Last Tuesday, after counterprotesters attacked a pro-Palestinian encampment on campus, the clash went on for hours with no police intervention, and no arrests.

The new office will take over the management of the campus police department from the vice chancellor Michael Beck, who also oversees events, facilities management, transportation and other campus operations. Mr. Beck and the U.C.L.A. police chief, John Thomas, have faced mounting criticism as demonstrations on campus last week between pro-Palestinian protesters and pro-Israel counterprotesters turned increasingly violent.

After the violence on Tuesday, critics said Mr. Thomas was unprepared and failed to protect students. He defended himself over assertions that the university waited too long to intervene and secure backup from the Los Angeles Police Department. The University of California's president announced that it would conduct an independent review of what led to the clash.

The new office of campus safety will be run by Rick Braziel, a former police chief in Sacramento and a well-known expert on policing in California, according to a statement by Mr. Block. Mr.
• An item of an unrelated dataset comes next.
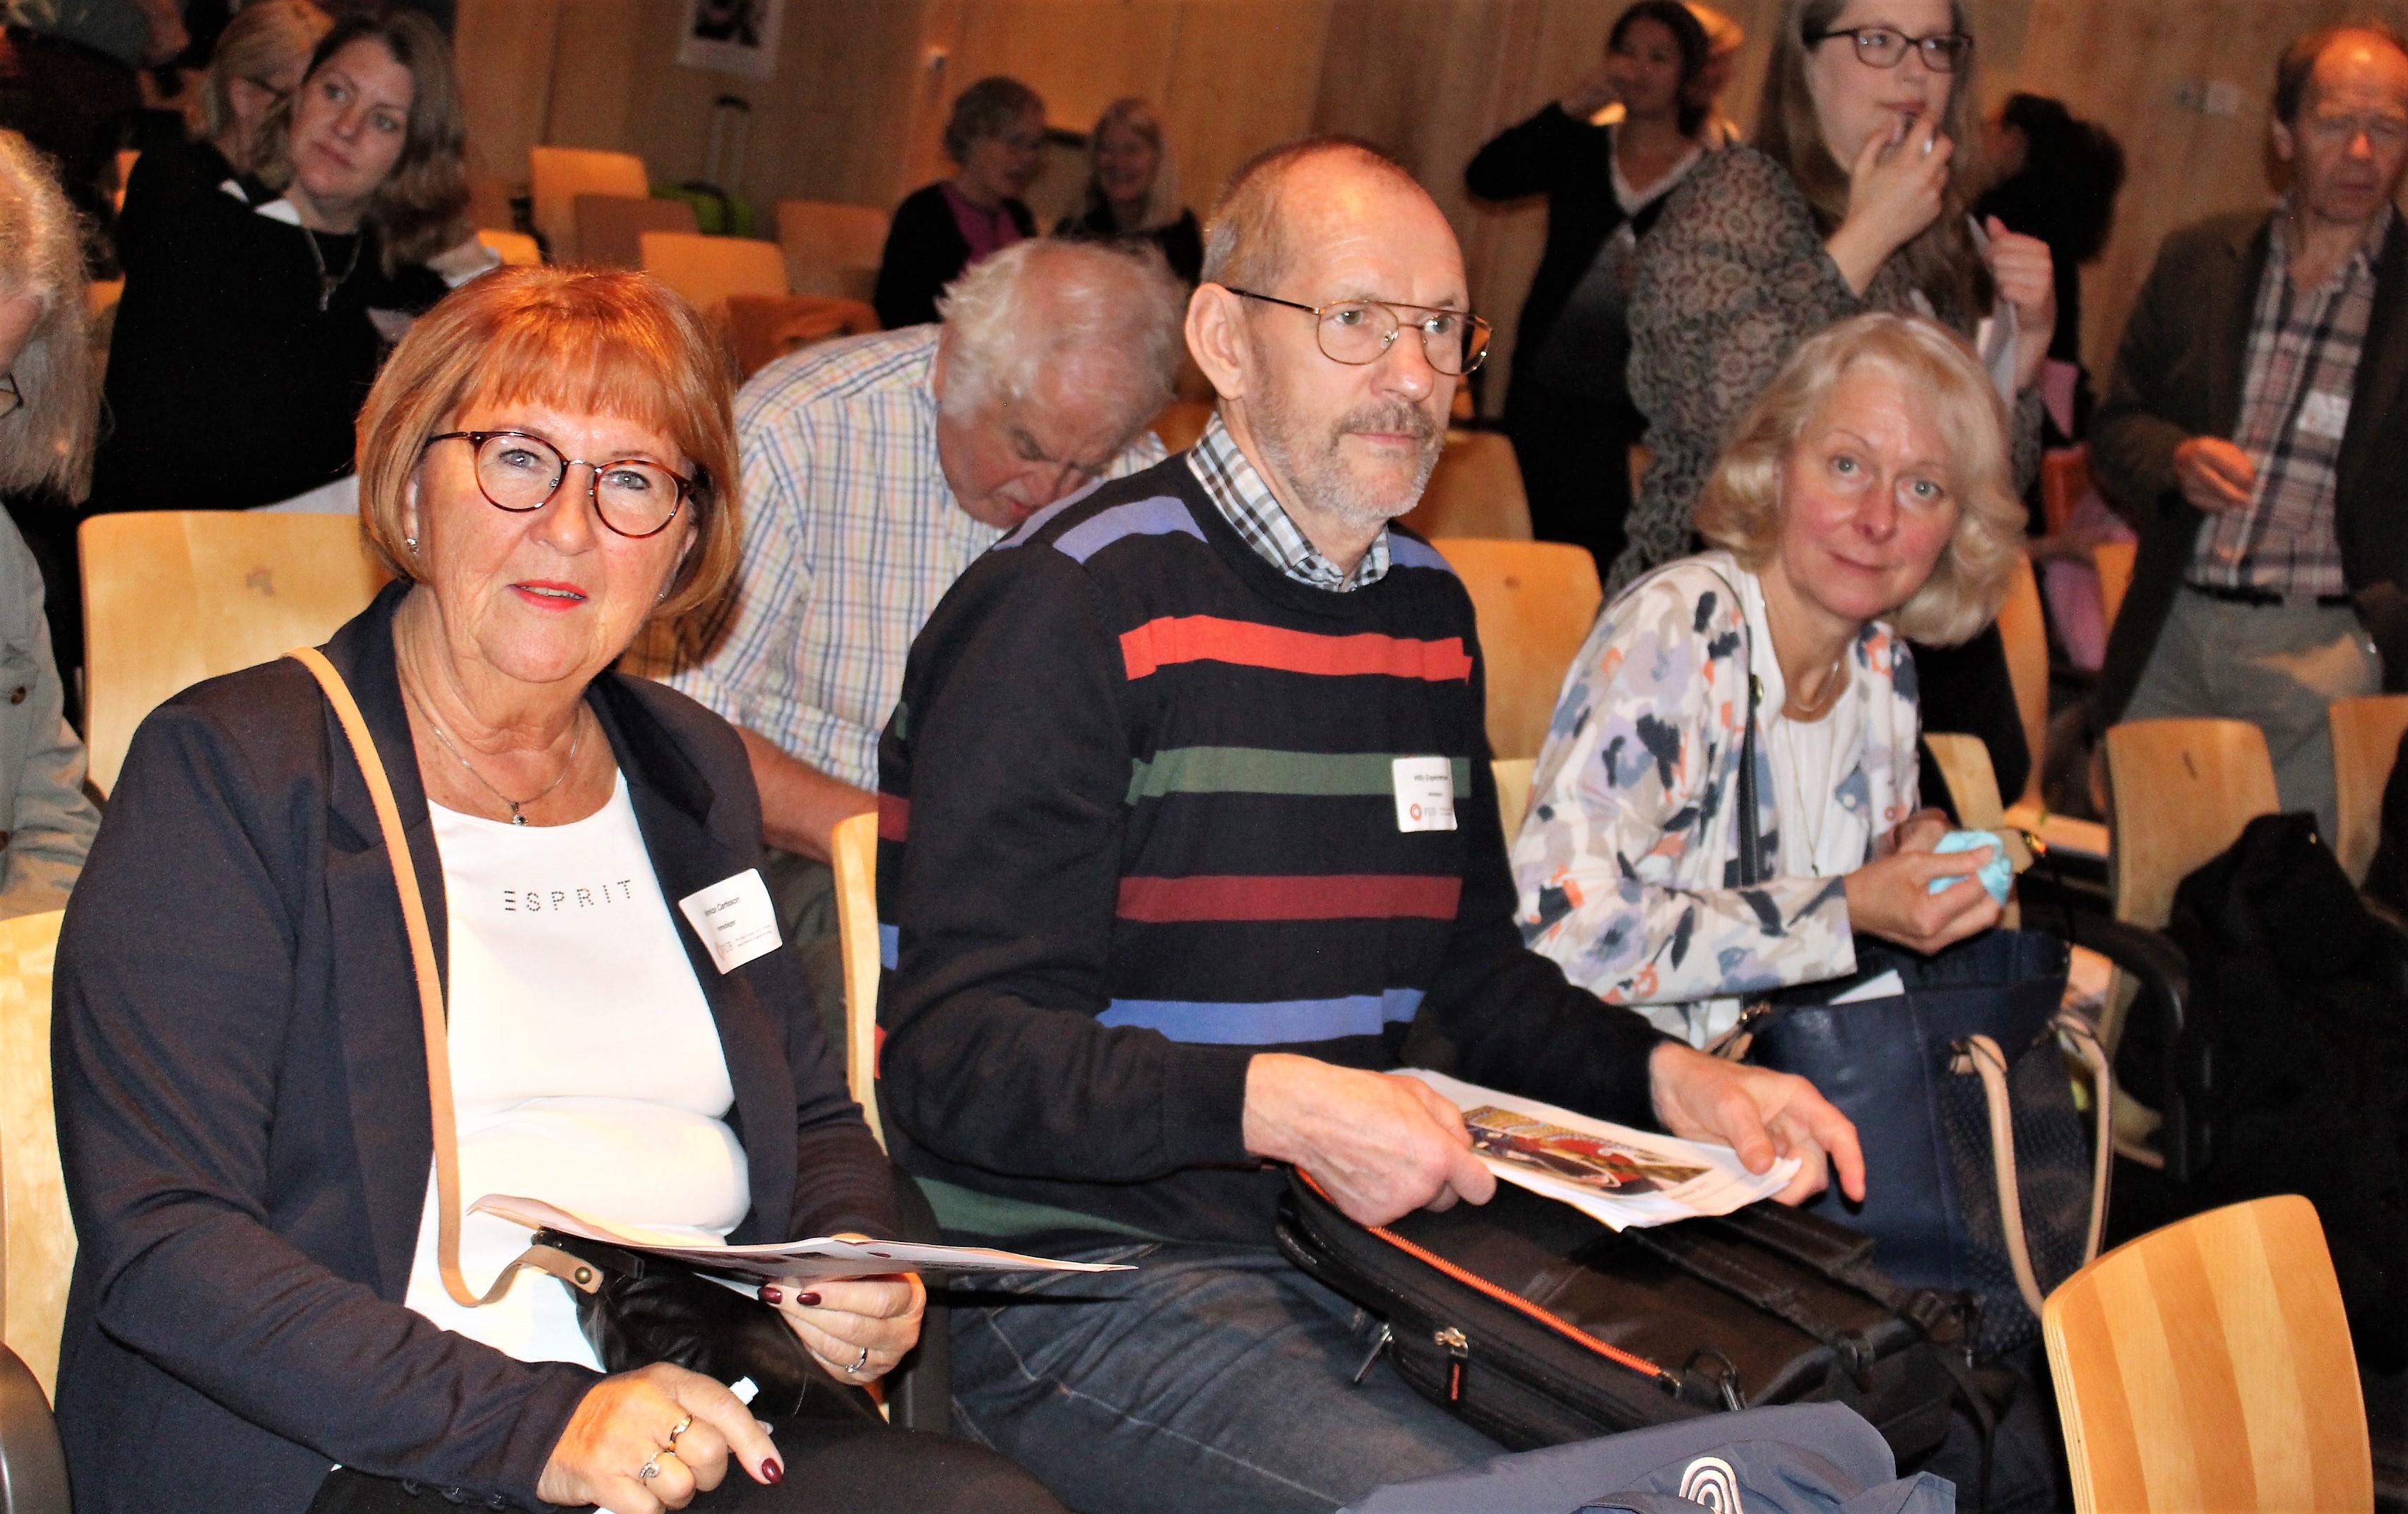 Monica, Willy och Karin väntar på att nästa föreläsare ska upp på scen

Braziel, who is also a former inspector general for Sacramento County Sheriff's Department, has previously been tapped to review high-profile police actions, including after the elementary school shooting in Uvalde, Texas, in 2022 and the protests and riots in Ferguson, Mo., in 2014, among other cases.

Mr. Braziel has long been a sought-out voice on law enforcement for California's Democratic establishment. Last year, Gov. Gavin Newsom appointed him to an advisory council tasked with improving interactions between law enforcement and people with intellectual and developmental disabilities.

In a statement, U.C.L.A. told members of the campus to avoid the area around Royce Quad, the site of the protest encampment, and said law enforcement would continue to be stationed around campus "to promote safety."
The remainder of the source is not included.